Random Forest Classification on an FPGA

15418 Final Project Site by Vivek Krishnan

Project maintained by vrkrishn

Home

On this page I will discuss some of the design choices for the implementation of my FPGA classification algorithm

Decision Tree

For this implementation, I will define a decision tree as a tree with s levels. Such a tree has branch nodes, at which a sample data is compared to a threshold and a path accordingly taken, as well as leaf nodes at which the final result is calculated and sent to the analysis unit. Laid out in memory, the decision tree can be represented as a large array of size [(5 * 2 ^ s - 2) * sizeof(data)]. There are 2 ^ s - 1 branch nodes which each take up 2 data slots of memory. There are also 2 ^ s leaf nodes which each take up 3 data slots of memory. My system is implemented such that all trees have the same number of branch and leaf nodes such that indexing into a tree in the forest is straightforeward. A possible modification to emphasize scalability would have an array of indices into the tree that represent where each tree starts; this system could allow for trees that don't uniformly branch out.

The way that memory is laid out for a tree, the index of the left child of a node is simply (nodeIdx << 1) while the node index of the right child is simply (nodeIdx << 2 + 1).

The naive implementation of the tree is to create node logic for every node in the tree. However, in this setup, the amount of routing logic used by the tree will grow exponentially with respect to the depth of the tree. In addition, we can only perform action at one node in each level at any given time because of the dependencies of the tree.

Therefore, I decided to instead represent each level of the tree as a stage and store the values for each node in an appropriate stage memory for each level of the tree. The SRAM memory banks on the FPGA are dual port at max so I could not achieve both one cycle memory access and a coagulated bank of memory. Therefore, the memory at each stage is a different memory module which is hooked up to the stage logic with a memory controller.

There modifications reduce the routing logic on the FPGA tree to about linear compared to the depth of the tree. In this version of the tree, the node index is passed in from the top of the tree and will shift either to the right or left based on which direction the sample has to go.

Tree Node Design

For each internal node, the input to the module will be a sample set, an index of a node in the current decision tree, the current decision tree, as well as a valid bit to determine if the register values are ready for comparison, as well as the recieve lines for the modules that are dependent. The outputs of the module are receive lines when recieving data, an output nodeIdx, the sample for the next node to the right, and valid lines for both sample and nodeIdx.

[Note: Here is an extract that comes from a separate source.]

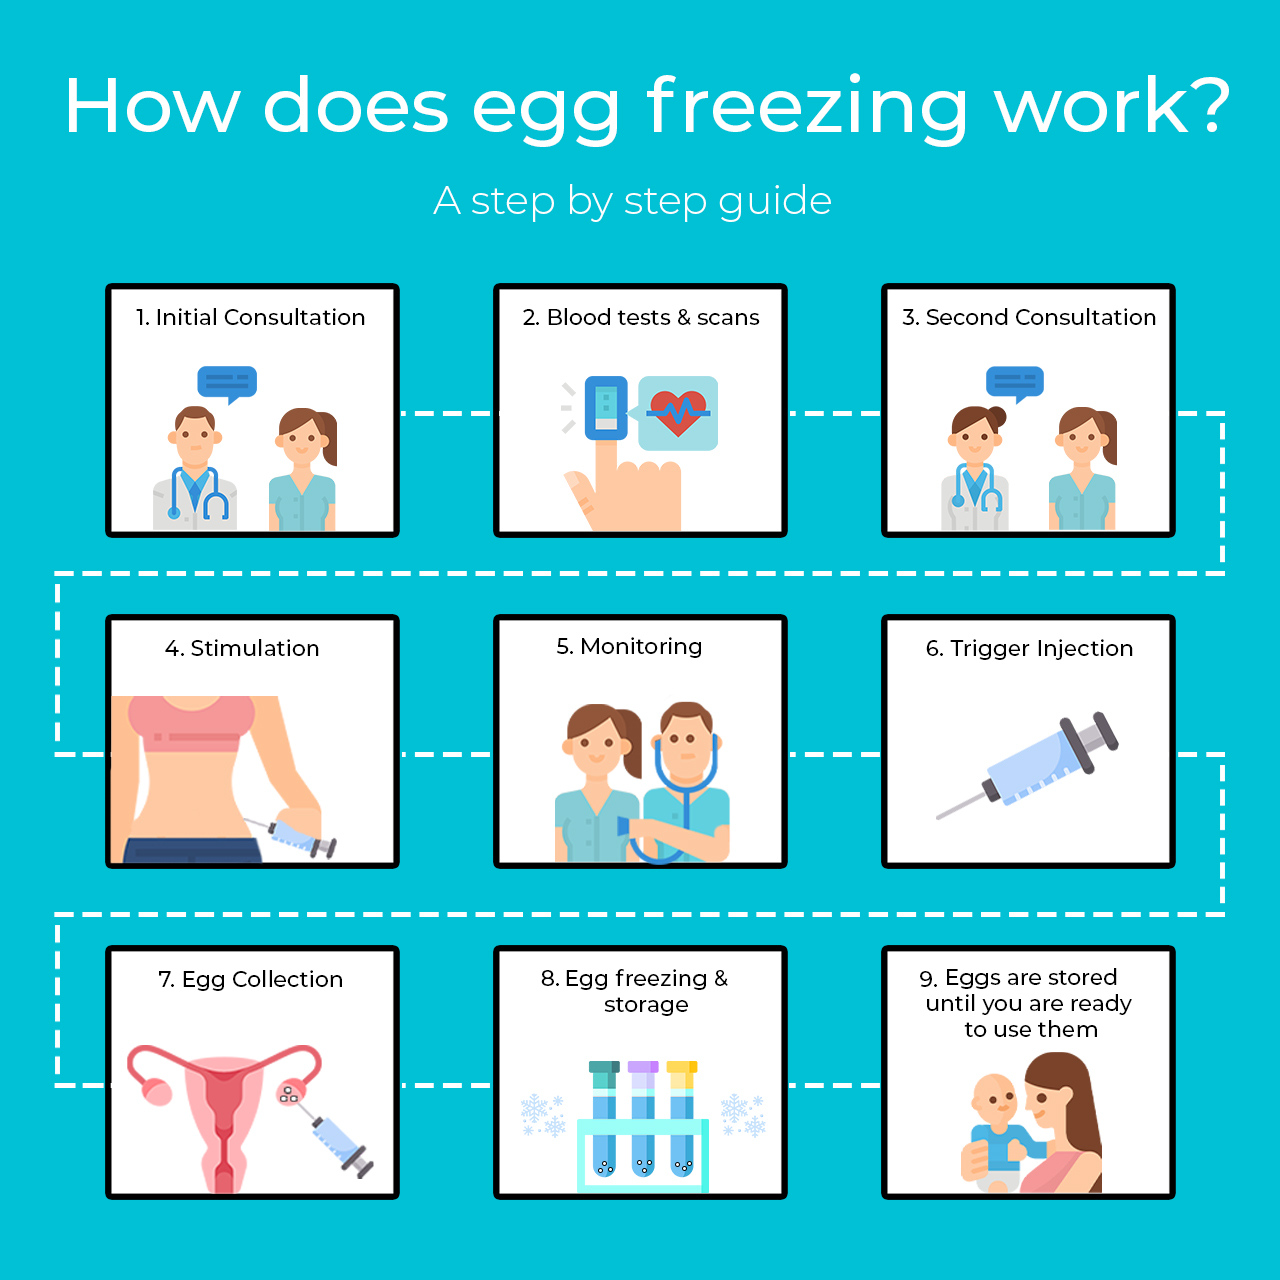 How does egg freezing work?

First, the memory controller finds the node with index (treeIdx * NODES_PER_TREE + nodeIDX) and outputs the corresponding threshold and sample index value. The sampIdx is used to select one of the samples from the array of sample data using a mux. The output of this mux is compared against the threshold calue outputed by the memory controller. The result of this comparison is added to the shifted nodeIdx to get the appropriate child node to traverse to.

Assuming that memory access takes one cycle, the passage of a sample and node through this stage is one cycle.

Forest Design and Perpendicular Pipelines

The first implementation of the forest was to create n trees, each with thier own sample pipeline and node pipeline runnning from level to level. The bandwidth of this implementation was n samples per cycle processed and the routing was simply order of the depth of the trees times the number of trees. This was a good implementation but I was not able to control output rate of the system. Because the I/O of the FPGA is relatively slow compared to this datarate, each of my nodes had to have added logic of control signals and such to counteract the buildup of samples near the output bus of the FPGA.

To modify this, I crossed my pipelines such that samples flow in from the left to the right of each node while the node index flows from top to bottom through the node. As the samples begin fed by the data pipeline are also moving down at the same rate as the node index in each tree, a node will receive its sample and node index at the same time. The data rate out of this system is 1 sample per cycle and this is more than enough to fully occupy the I/O bus of the FPGA.